Il toqua à la porte. Quand il entra dans le bureau, Lómion tenta d'avoir l'air digne, mais il rentra vite la tête dans les épaules quand il croisa le regard perçant de Chris. Cet homme était plein d'arrogance et de fierté. Il était intimidant et pourtant, avec ses cheveux grisonnants et son corps tout maigre, il semblait être un homme vieillissant tout à fait normal. Mais Chris n'était pas un simple homme. C'était le chef de l'organisation. Il dirigeait ce groupe qui tentait de sauver les pokemon de la folie, et les humains victimes de ses pokemon. Et pour cela, rien que pour cela, Lómion le respectait.

Le jeune homme s'asseyait, mal à l'aise, fixant le coin d'un cadre photo devant ses yeux.

-J'ai soigneusement suivit tes évaluations, dit Chris. Je dois dire que je suis surpris que tu t'en sois aussi bien sorti. Vraiment, en te voyant pour la première fois, je pensais que Chuck aurait ta peau. Mais tu es passé au travers de tous les filets. Jusqu'à Red.

Lómion pinça les lèvres. Oui. Jusqu'à Red.
-Il m'a conté votre combat. Tout comme Blue. Tu les as étonnés. Tout comme tu as étonné Erika, Koga et Ondine.
-Mais j'ai perdu contre Red, répliqua Lómion un peu acide. Alors pourquoi n'allez-vous pas droit au but ? Pourquoi ne me dites-vous pas que c'est fini, que je vais devoir partir, mais qu'avant, il vous faudra me faire tout oublier ?

Chris le dévisagea.
-Cette défaite t'est vraiment restée en travers de la gorge, n'est-ce pas ?

Le jeune homme acquiesça.
-Le combat était inégal, et vous le savez. Maintenant, faites-ce que vous avez à faire.

Il s'étonna de sa propre audace. Parler ainsi à Chris, si on le lui avait dit, il ne l'aurait jamais cru. Et pourtant, il le faisait, il employait un ton sec, froid et tranchant. Chris esquissa un maigre sourire.

-Tu es reçu.
-Oh, parfait ! Je suis recalé. Où est-ce que je dois me rendre pour me faire effacer la... ?

Le jeune homme s'interrompit dans son discours.
-Attendez un peu, souffla-t-il. Je suis reçu ?
-Oui.

Lómion cligna des yeux.
-Vraiment ?
-Vraiment.
-Ce n'est pas une blague, n'est-ce pas ?
-Je n'aime pas faire de l'humour, répliqua Chris.

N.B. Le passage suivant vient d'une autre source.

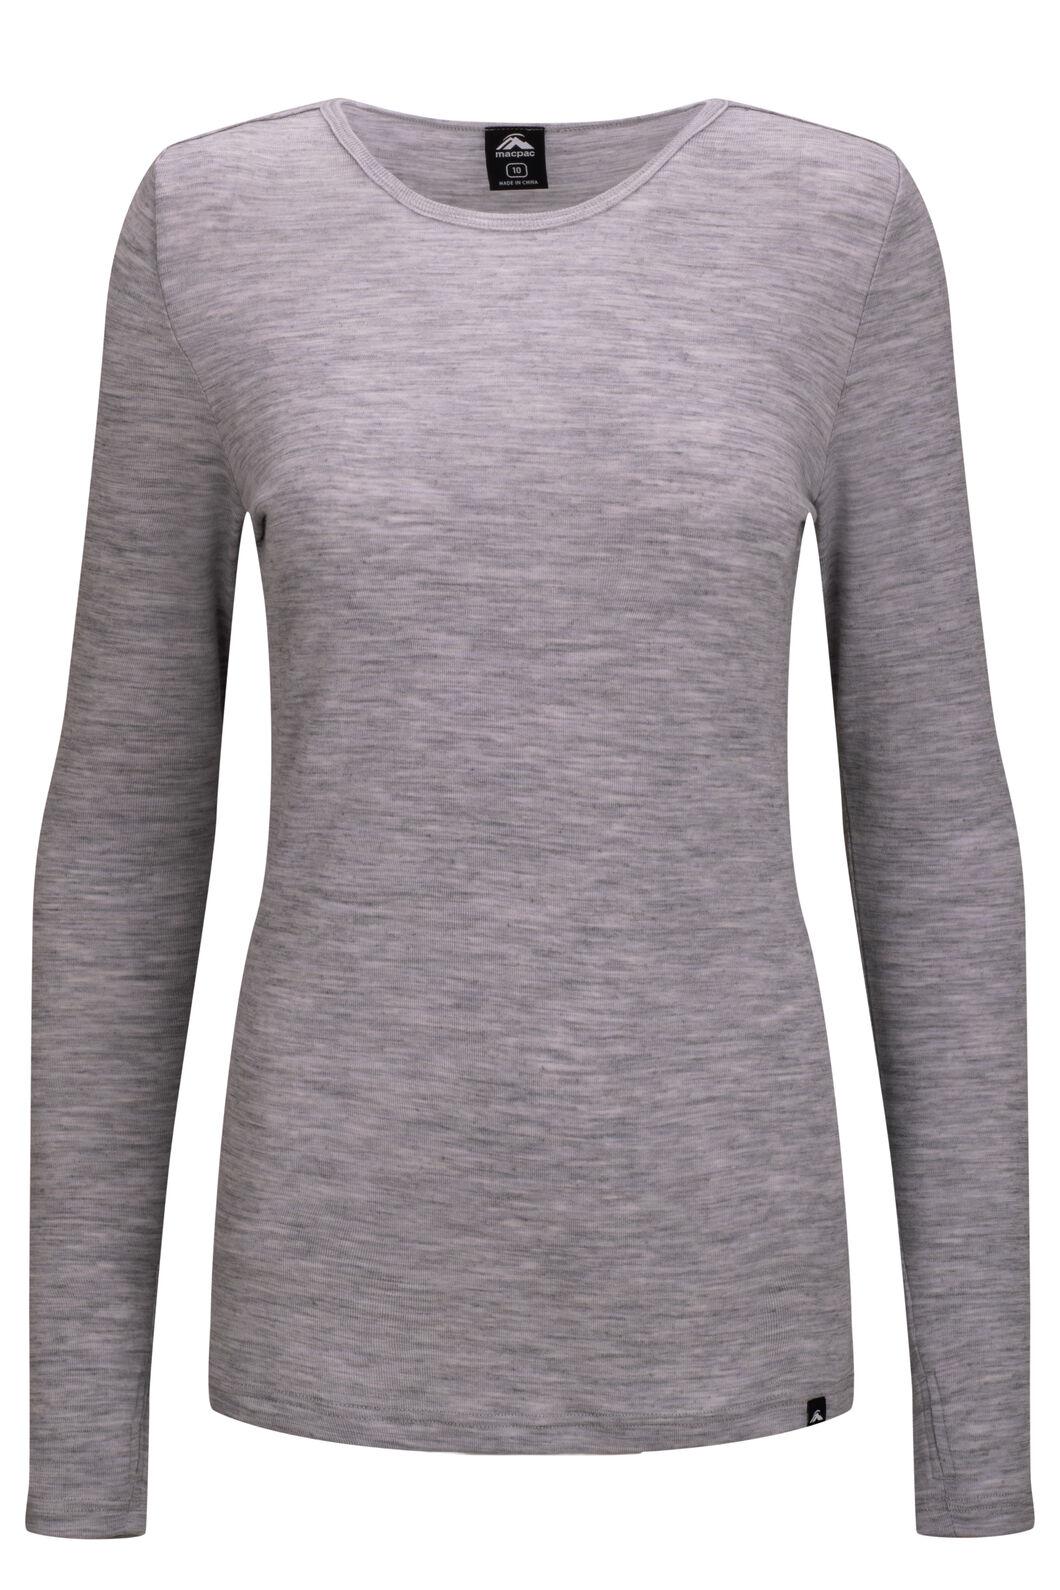 Macpac Women's 220 Merino Long Sleeve Top, Light Grey Marle, hi-res

L'homme le fixait avec des yeux froids, mais l'adolescent jurait qu'il cachait son sourire derrière ses mains.

-Mais... je n'ai pas battu Red, s'exclama Lómion.
-Pensais-tu réellement pouvoir le battre avec ton niveau actuel ?
-Non, mais...
-Ecoute jeune homme, tu es reçu. Qu'attends-tu de plus ?
-Une explication ! Je suis certain que Red m'ai dit que je devais le battre pour rejoindre l'organisation.
-Il dit cela à tout le monde.
-Et c'est tout ? Il dit ce genre de chose à chaque fois que quelqu'un arrive à la dernière étape ?

Chris se redressa un peu.
-Red voulait mettre à l'épreuve tes nerfs et ton sang-froid, ainsi que ta capacité à te battre lorsque tu es sous pression. Et tu l'as convaincu, comme tu as convaincu tous les autres membres. Moi y comprit. Pour cela, tu es accepté au sein de l'organisation. Mais cela ne veut pas dire que tu dois vivre sur tes acquis : tu vas devoir apprendre. Les règles, les combats, notre style de vie, c'est sur tout cela que tu vas devoir travailler.

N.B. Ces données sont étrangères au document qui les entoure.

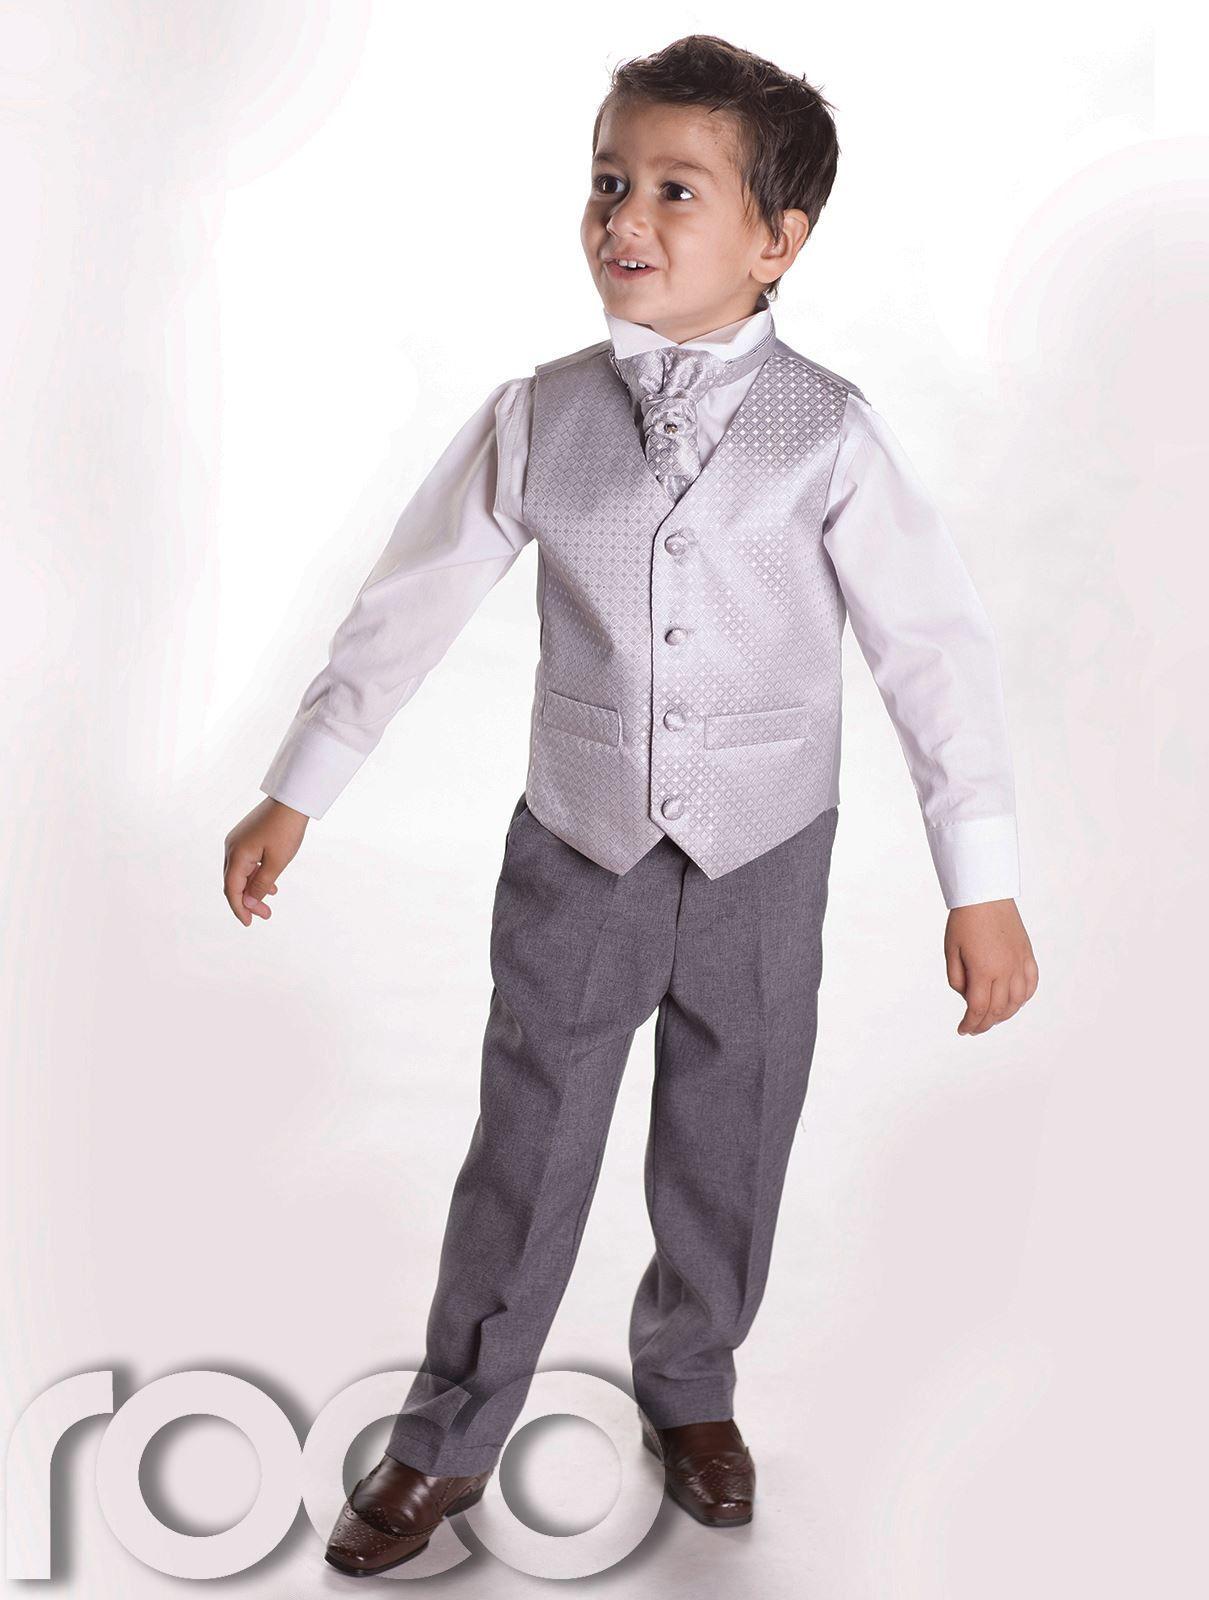 Boys Waistcoat Suit, Boys Wedding Suits, Page Boy Suits, Grey ...

Ils discutèrent longuement jusqu'à ce qu'ils soient interrompus par un appel urgent. Chris le congédia.

Ce soir là, le jeune homme refusa de se joindre à Red et Blue pour fêter son admission. Il ne réalisait pas encore ce qui lui était arrivé. Il était reçu... Aussi étrange que cela pouvait paraître, Lómion ne ressentait rien devant cette nouvelle extraordinaire. Il se sentait vidé. Pendant de longues heures, il fixa le plafond de sa chambre avant de s'endormir.

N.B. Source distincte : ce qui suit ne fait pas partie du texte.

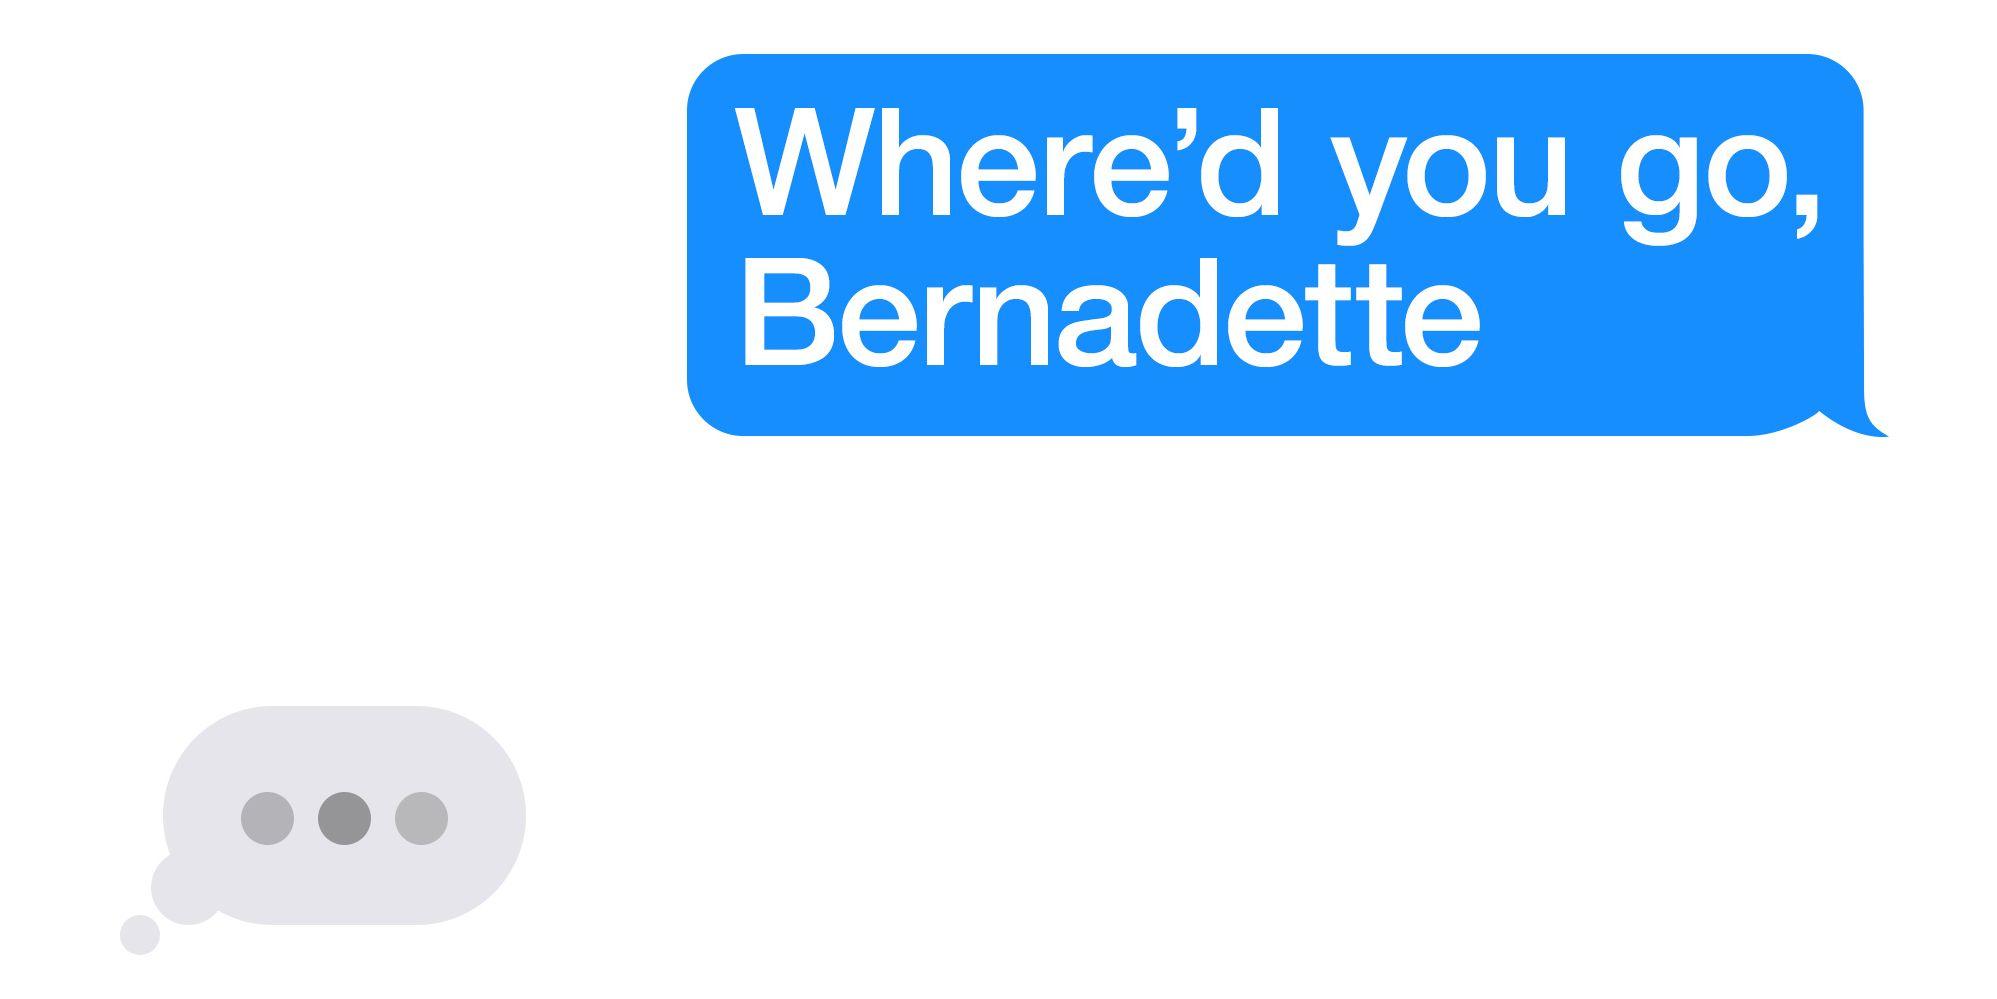 where'd you go bernadette movie trailer poster

Les jours qui suivirent, il s'évertua à prendre soin d'Absol. Le pokemon était craintif et méfiant. Il le fuyait du regard et tressaillait chaque fois que Lómion posait une main sur lui. A force de patience, le jeune homme parvint à rassurer son nouveau compagnon. Une confiance fragile s'installa entre eux.

Il faisait de nombreuses missions avec Red et Blue et s'améliora rapidement dans les combats pokemon. Il ne s'était fait blesser que deux fois : de simples égratignures sur les bras.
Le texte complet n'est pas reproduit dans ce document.